Researchers have unveiled a new type of cyberattack that can steal sensitive user data by embedding hidden prompts inside images processed by AI platforms. These malicious instructions remain invisible to the human eye but become detectable once the images are downscaled using common resampling techniques before being sent to a large language model (LLM).

The technique, designed by Trail of Bits experts Kikimora Morozova and Suha Sabi Hussain, builds on earlier research from a 2020 USENIX paper by TU Braunschweig, which first proposed the concept of image-scaling attacks in machine learning systems.

Typically, when users upload pictures into AI tools, the images are automatically reduced in quality for efficiency and cost optimization. Depending on the resampling method—such as nearest neighbor, bilinear, or bicubic interpolation—aliasing artifacts can emerge, unintentionally revealing hidden patterns if the source image was crafted with this purpose in mind.
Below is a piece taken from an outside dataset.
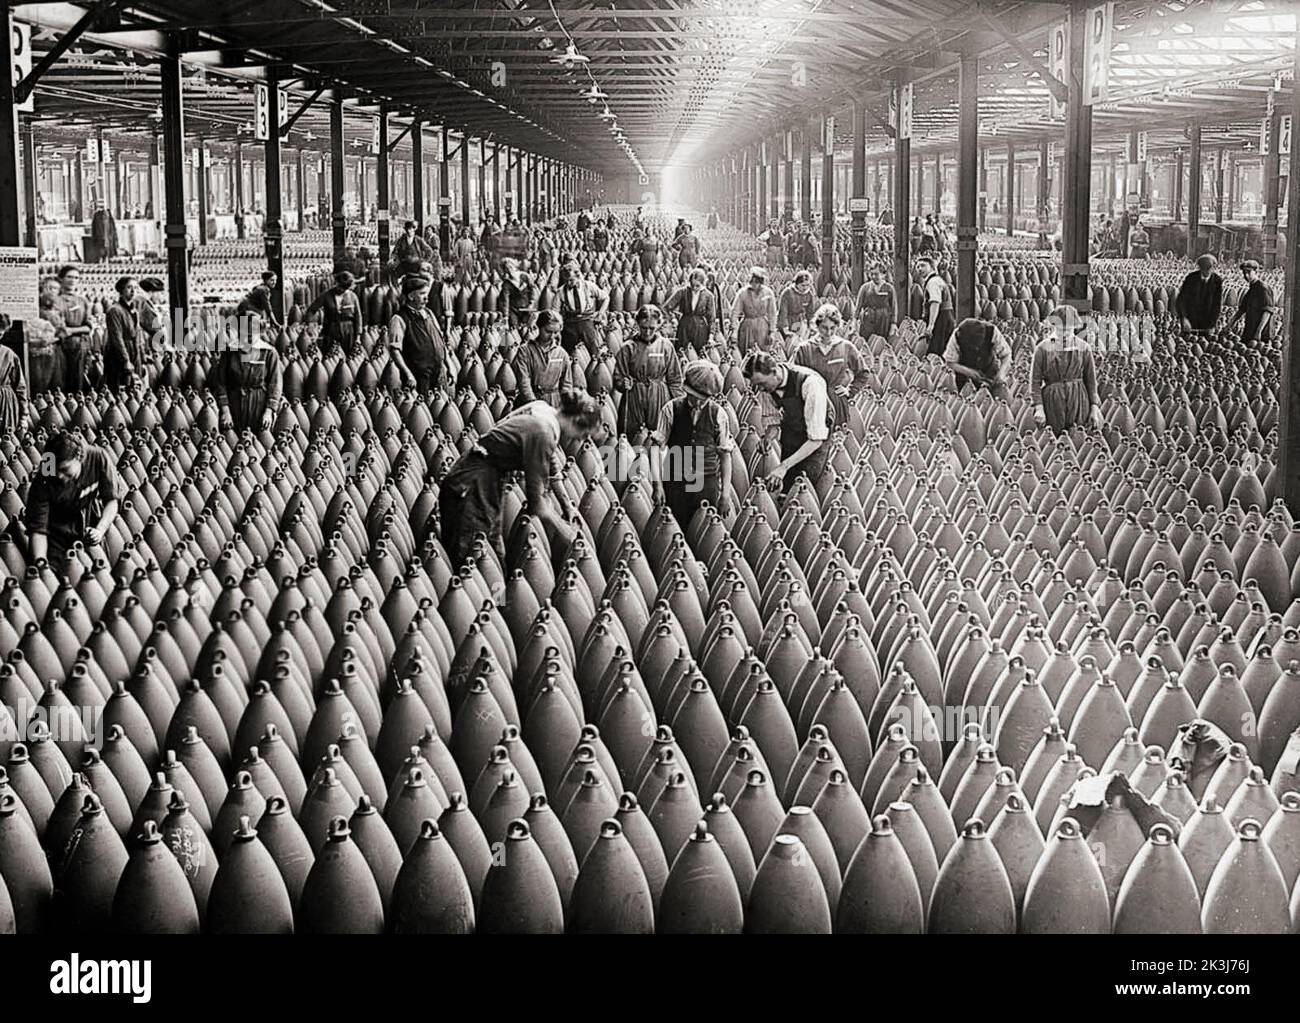 Fabbrica nazionale di riempimento a Chilwell nel 1917. Durante la prima guerra mondiale, un gran numero di donne sono state reclutate in posti di lavoro vacati da uomini che erano andati a combattere in guerra. L'elevata domanda di armi ha portato le fabbriche di munizioni a diventare il più grande datore di lavoro unico delle donne nel corso del 1918. Nel 1917 le fabbriche di munizioni, che hanno impiegato principalmente lavoratrici, hanno prodotto il 80% delle armi e delle conchiglie utilizzate dall'esercito britannico. Foto Stock

In one demonstration by Trail of Bits, carefully engineered dark areas within a malicious image shifted colors when processed through bicubic downscaling. This transformation exposed black text that the AI system interpreted as additional user instructions. While everything appeared normal to the end user, the model silently executed these hidden commands, potentially leaking data or performing harmful tasks.

In practice, the team showed how this vulnerability could be exploited in Gemini CLI, where hidden prompts enabled the extraction of Google Calendar data to an external email address. With Zapier MCP configured to trust=True, the tool calls were automatically approved without requiring user consent.

The researchers emphasized that the success of such attacks depends on tailoring the malicious image to the specific downscaling algorithm used by each AI system. Their testing confirmed the method’s effectiveness against:

  1. Google Gemini CLI
  2. Vertex AI Studio (Gemini backend)
  3. Gemini’s web interface
  4. Gemini API via llm CLI
  5. Google Assistant on Android
  6. Genspark

Given the broad scope of this vulnerability, the team developed Anamorpher, an open-source tool (currently in beta) that can generate attack-ready images aligned with multiple downscaling methods.

To defend against this threat, Trail of Bits recommends that AI platforms enforce image dimension limits, provide a preview of the downscaled output before submission to an LLM, and require explicit user approval for sensitive tool calls—especially if text is detected in images.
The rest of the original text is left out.